#### DIRECTIONS
Give the listing again exactly, omitting its images.

#### SUPPLIED DATA
>>>

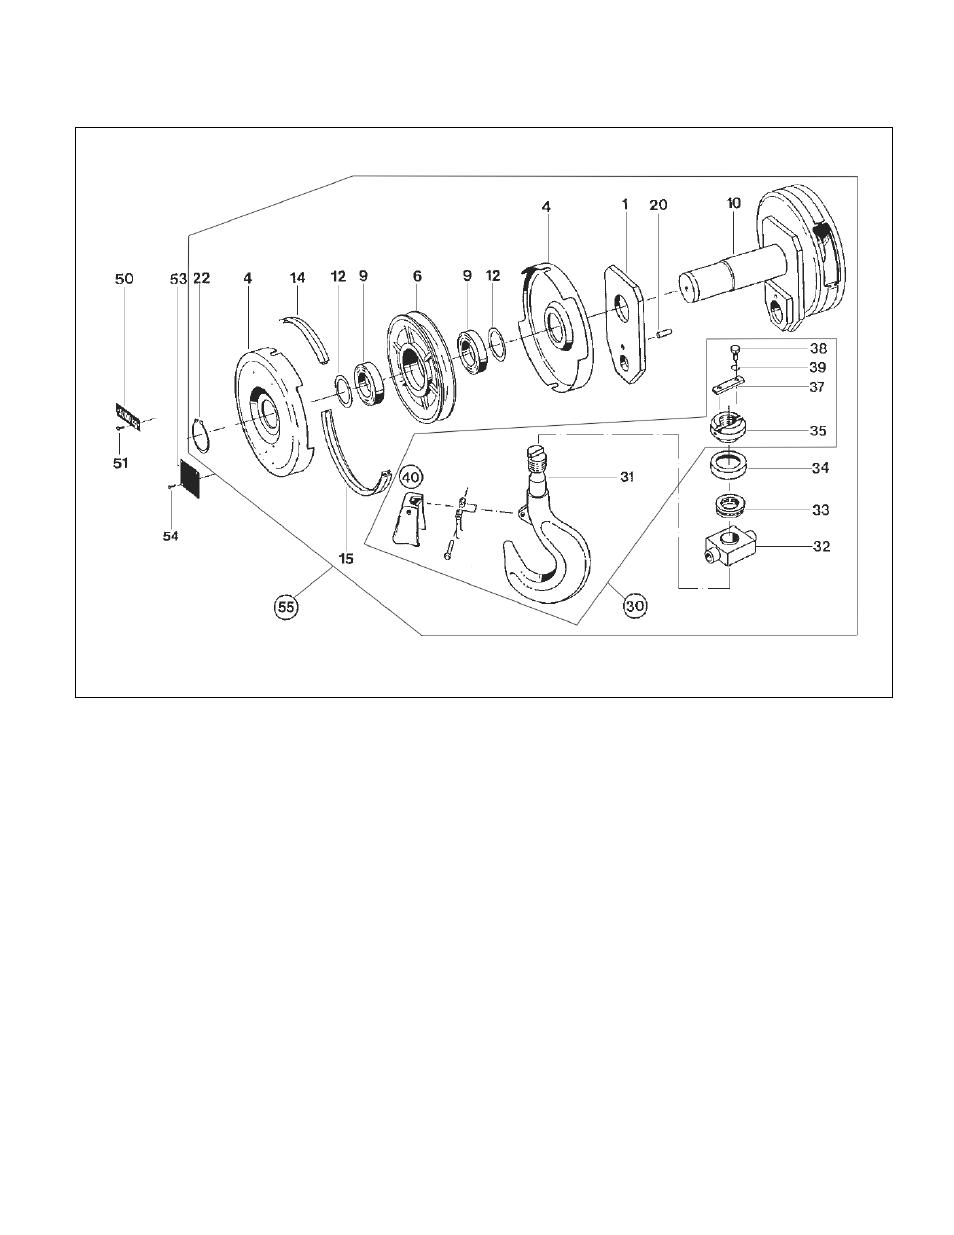 medium resolution of harrington hoists and cranes rhn rhino wire rope hoist user manual page 91 112
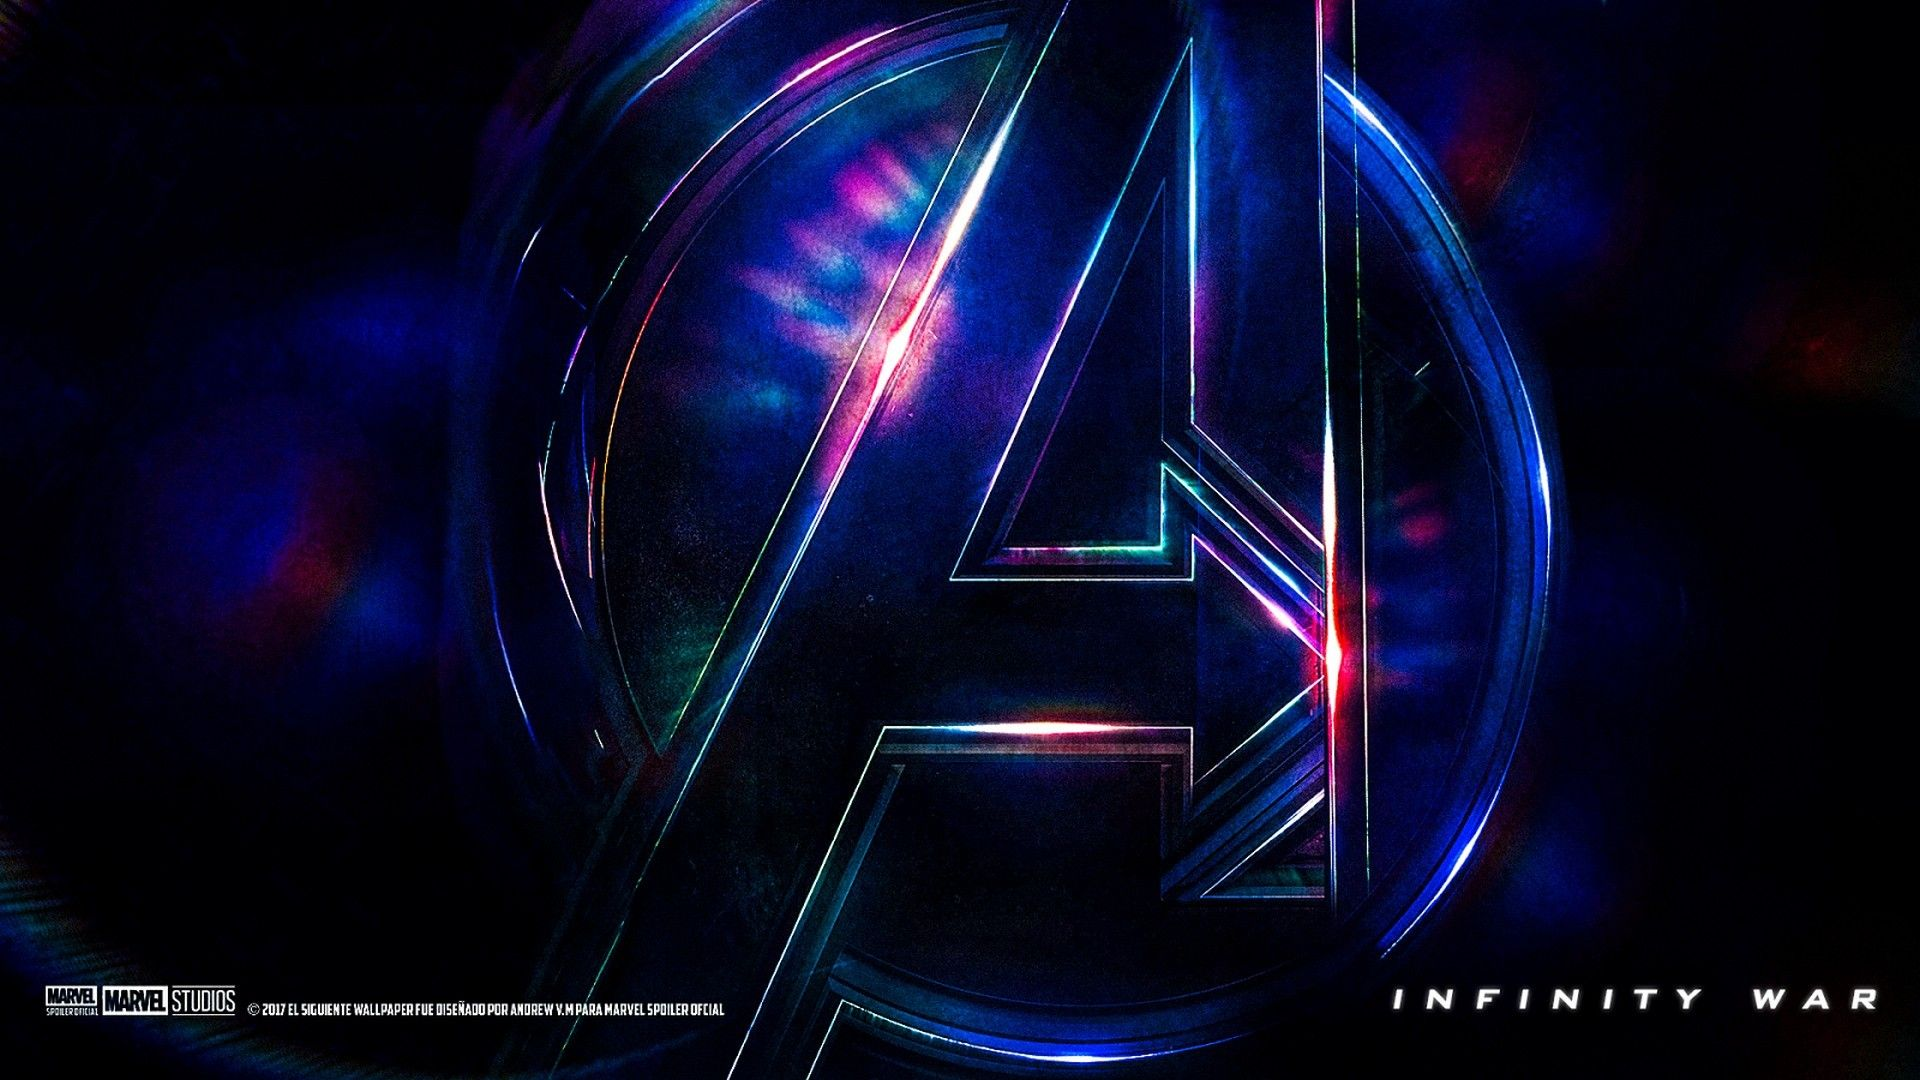 Best Avengers Infinity War Wallpaper Avengers infinity
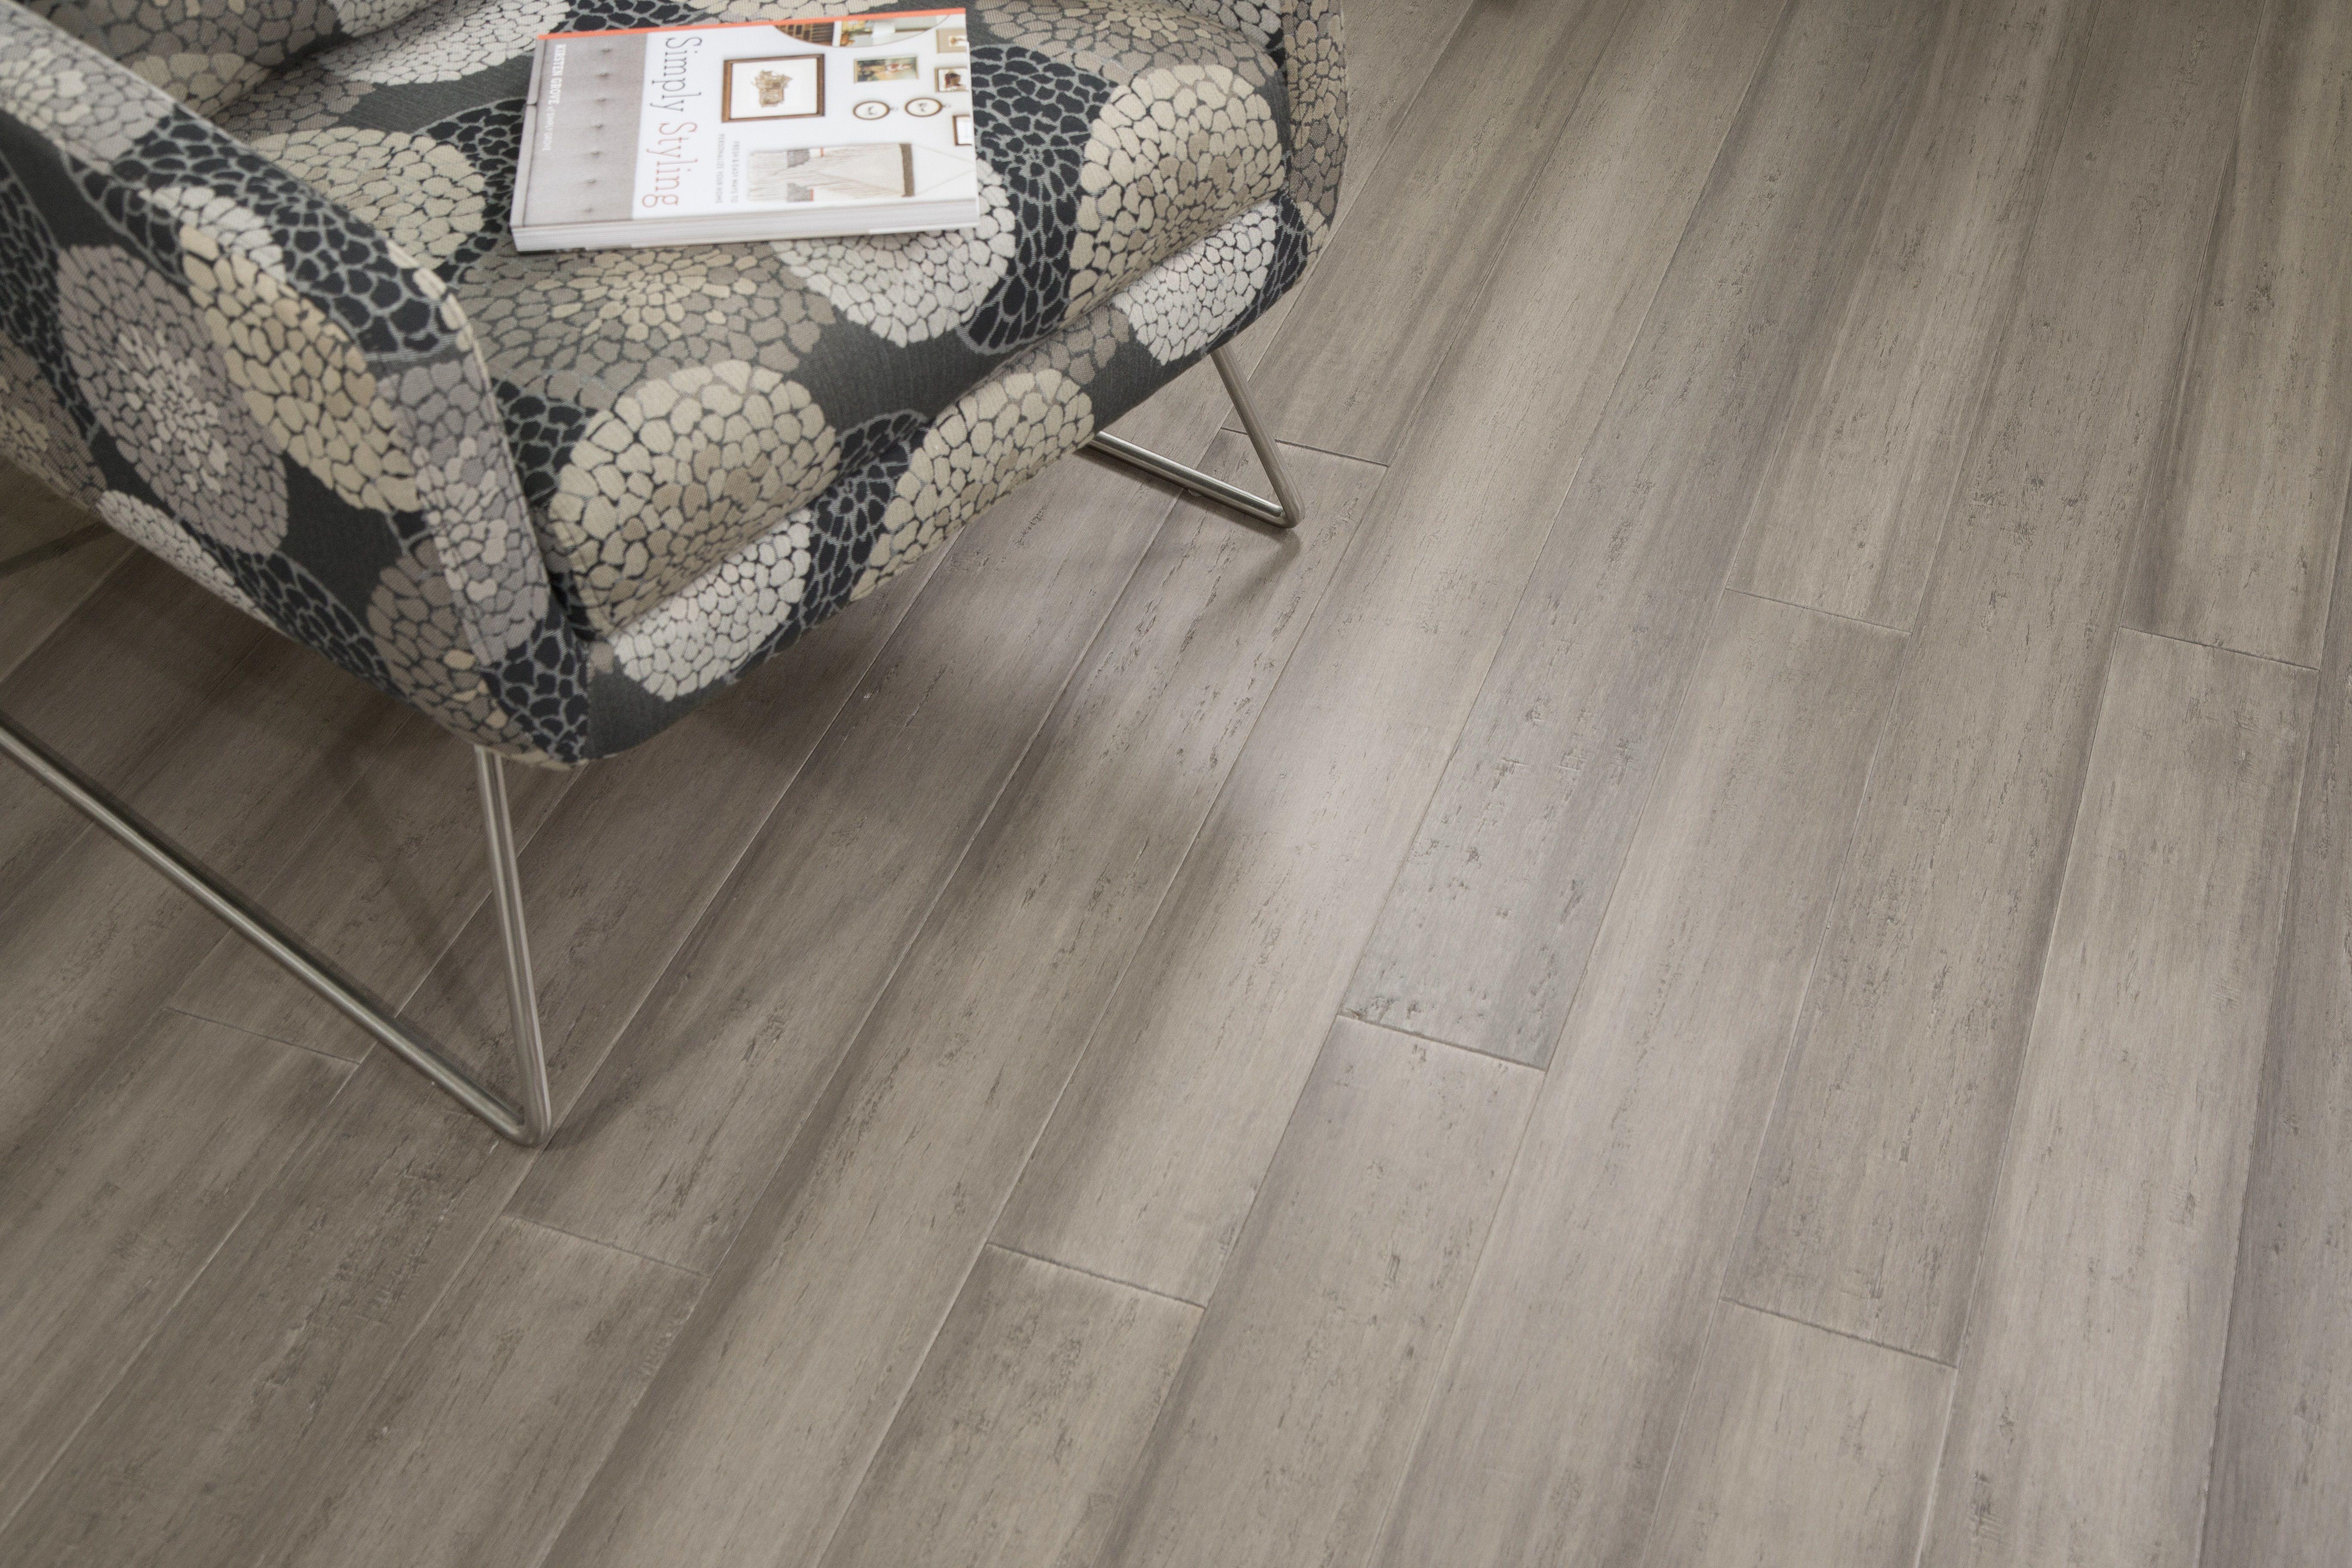 Pin On Light Hardwood Flooring Cali Bamboo Vinyl

<<<

#### RESPONSE BOX
 medium resolution of harrington hoists and cranes rhn rhino wire rope hoist user manual page 91 112
 Best Avengers Infinity War Wallpaper Avengers infinity
 Pin On Light Hardwood Flooring Cali Bamboo Vinyl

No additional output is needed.